Received: September 1, 2016; Accepted: September 20, 2016; Published: September 23, 2016


This paper describes a prototype of an automatic system for the detection and evaluation of airways of Cystic Fibrosis (CF) patients from Computed Tomography (CT) Scans. The aim of the study is to present a prototype of an automatic system which could serve as a decision support for radiologists. The area percentages of airway in lung regions have been calculated in CT slices to represent Bronchiectasis stages of CF patients. The proposed automatic system has been tested on a dataset comprising of four CF patients belonging to different stages of Bronchiectasis.


Cystic Fibrosis, Computed Tomography, Lung Segmentation, 2D Airway Segmentation

1. Introduction

Cystic Fibrosis (CF) is a chronic disease that mainly affects the respiratory and the digestive system. Its pathology in lungs tends to increase in severity over time [1]. Computed Tomography (CT) Scans have shown to be an excellent tool for assessing different stages of the CF lung pathologies. They can be used in conjunction with standard lung function tests that provide functional information corresponding to the morphological information obtained from CT Scans. Quantifying CF features manually is time consuming and requires operation by trained individuals [2]. In addition, the evaluations of the pathological stages often show a considerable variance among different individuals.
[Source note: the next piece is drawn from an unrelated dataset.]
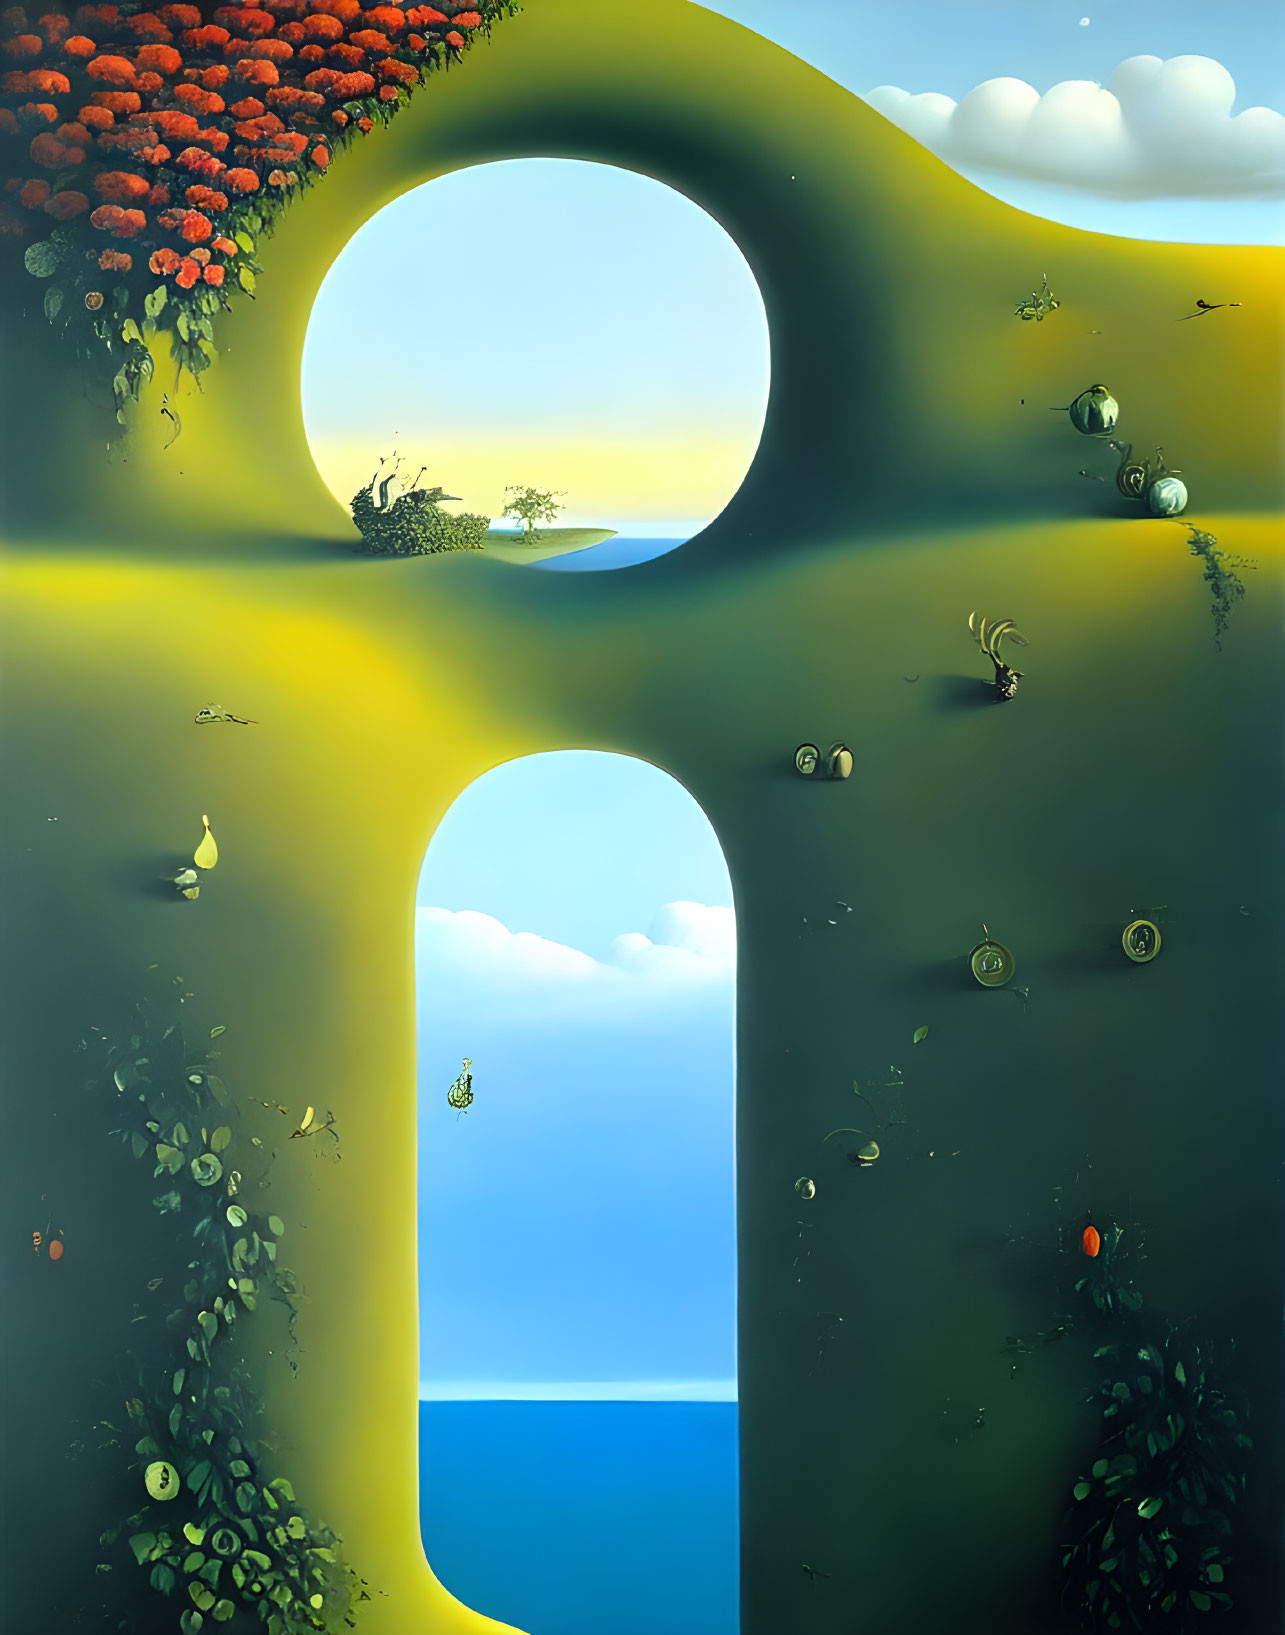 Surreal painting: Oversized letter "B" with natural landscapes and snails

Hence, an automated pathological feature detection of CF-CT Scans is desired as a decision support tool for doctors [2]. In this paper, we focus on developing an automatic scheme to detect and evaluate Bronchiectasis in CF patients belonging to different stages of the disease.

2. Methods

Given chest CT slices of a CF patient, the proposed airway automatic detection methods consist of several sequential steps: preprocessing and lung segmentation as well as airway detection and their evaluation.

Grayscale reconstruction and the intensity thresholding techniques have been combined to boost the performance of airway detection in CT slice images of pathological lungs. This prototype scheme has been implemented with MATLAB R2015b.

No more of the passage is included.